*What is expected*. With pictures left out, output exactly the lines from the line holding "Nike Tennis Men's Footwear - London 2014" through the end of the data, both included.

*Collected data*.
# # # # #

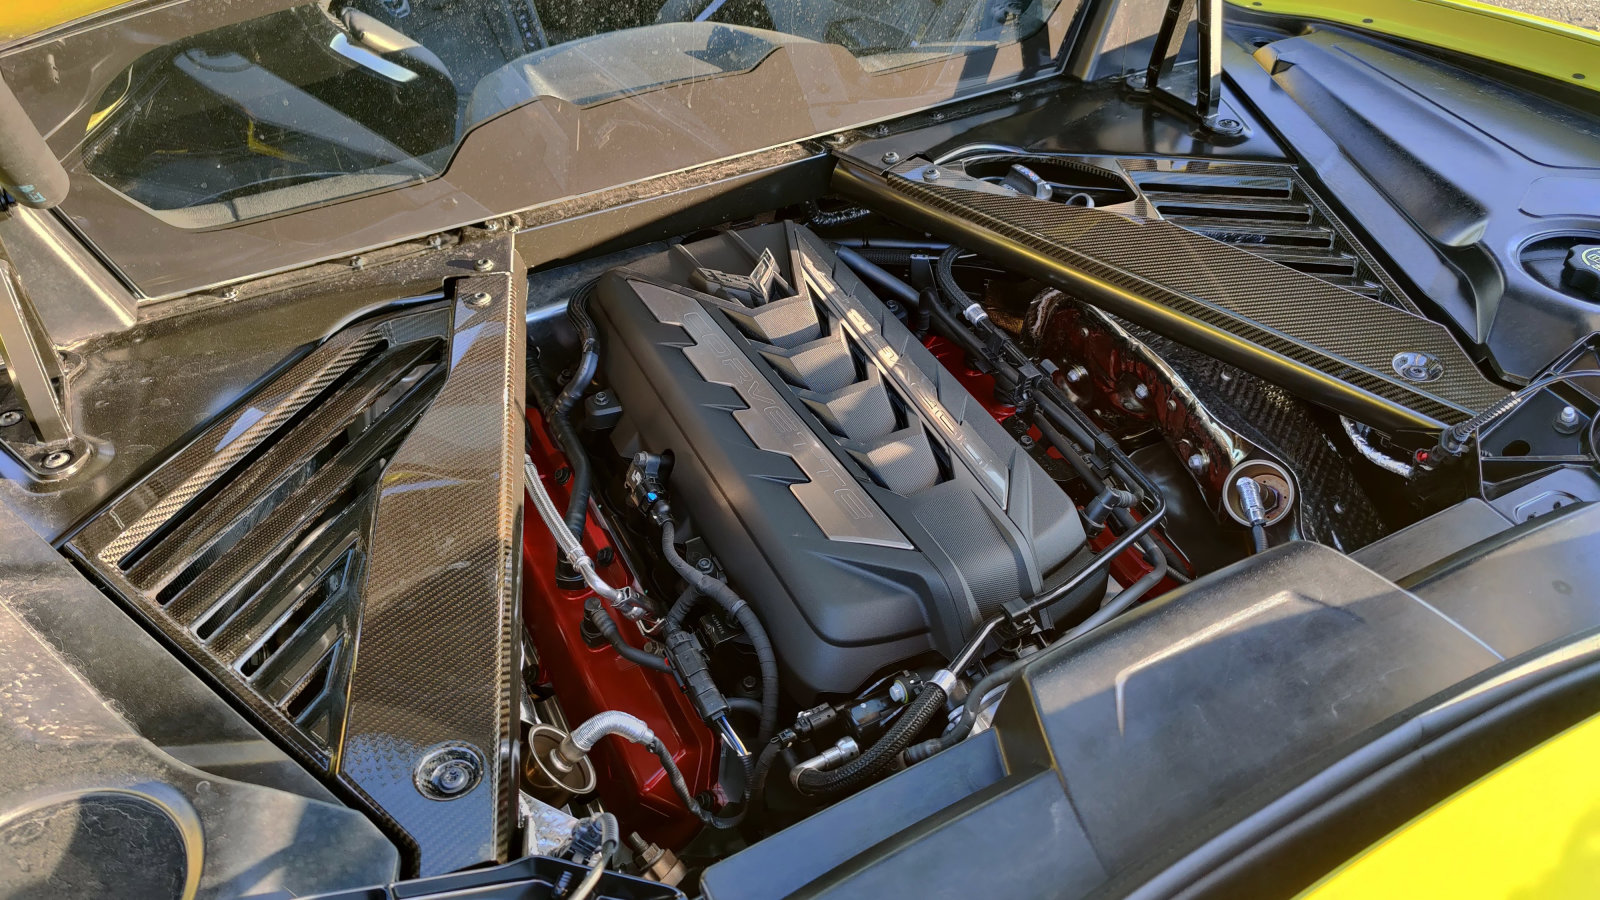 2020 Chevrolet Corvette Practice Run|Video clip, perceptions, images
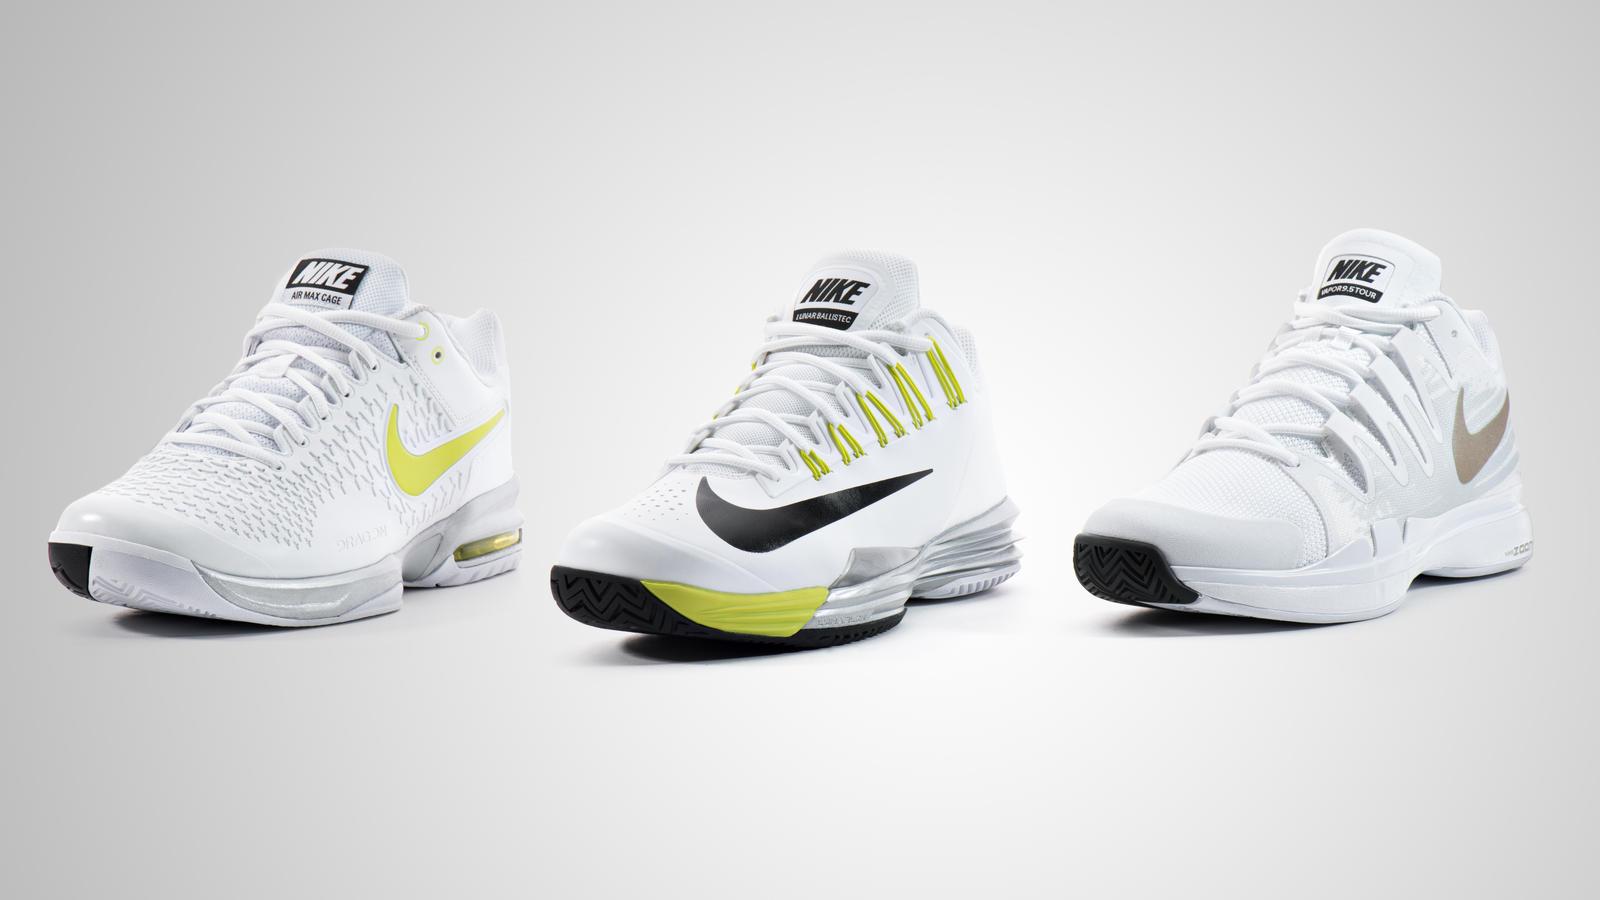 Nike Tennis Men's Footwear - London 2014
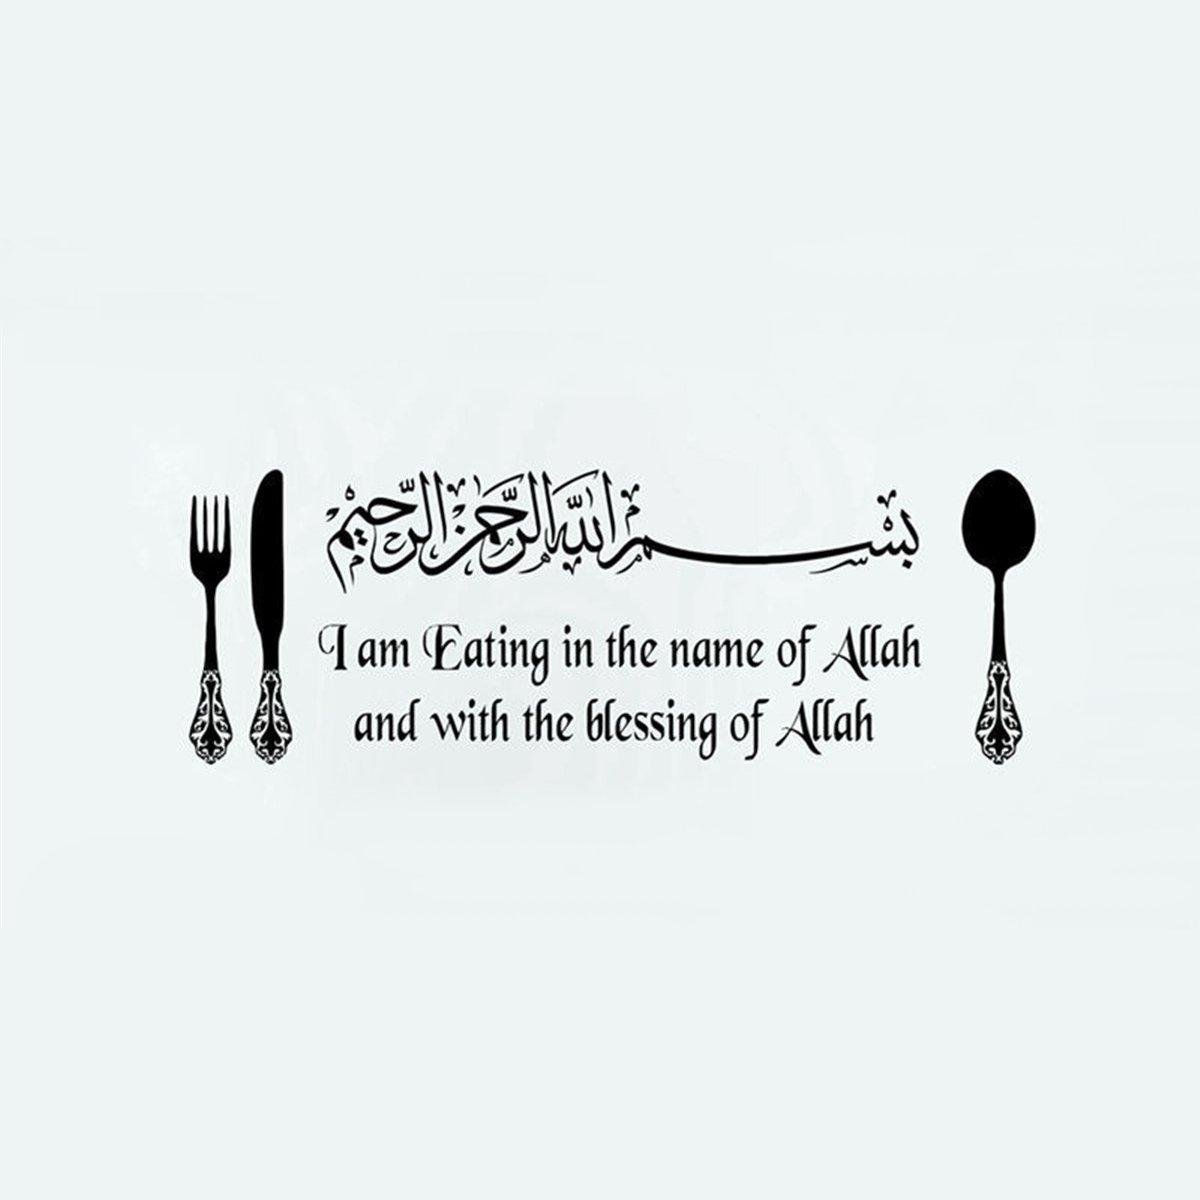 Wandkunst Kalligraphie Aufkleber Islamische Wand Sticker Bismillah Eating Dua

# # # # #

*Answer space*.
 Nike Tennis Men's Footwear - London 2014
 Wandkunst Kalligraphie Aufkleber Islamische Wand Sticker Bismillah Eating Dua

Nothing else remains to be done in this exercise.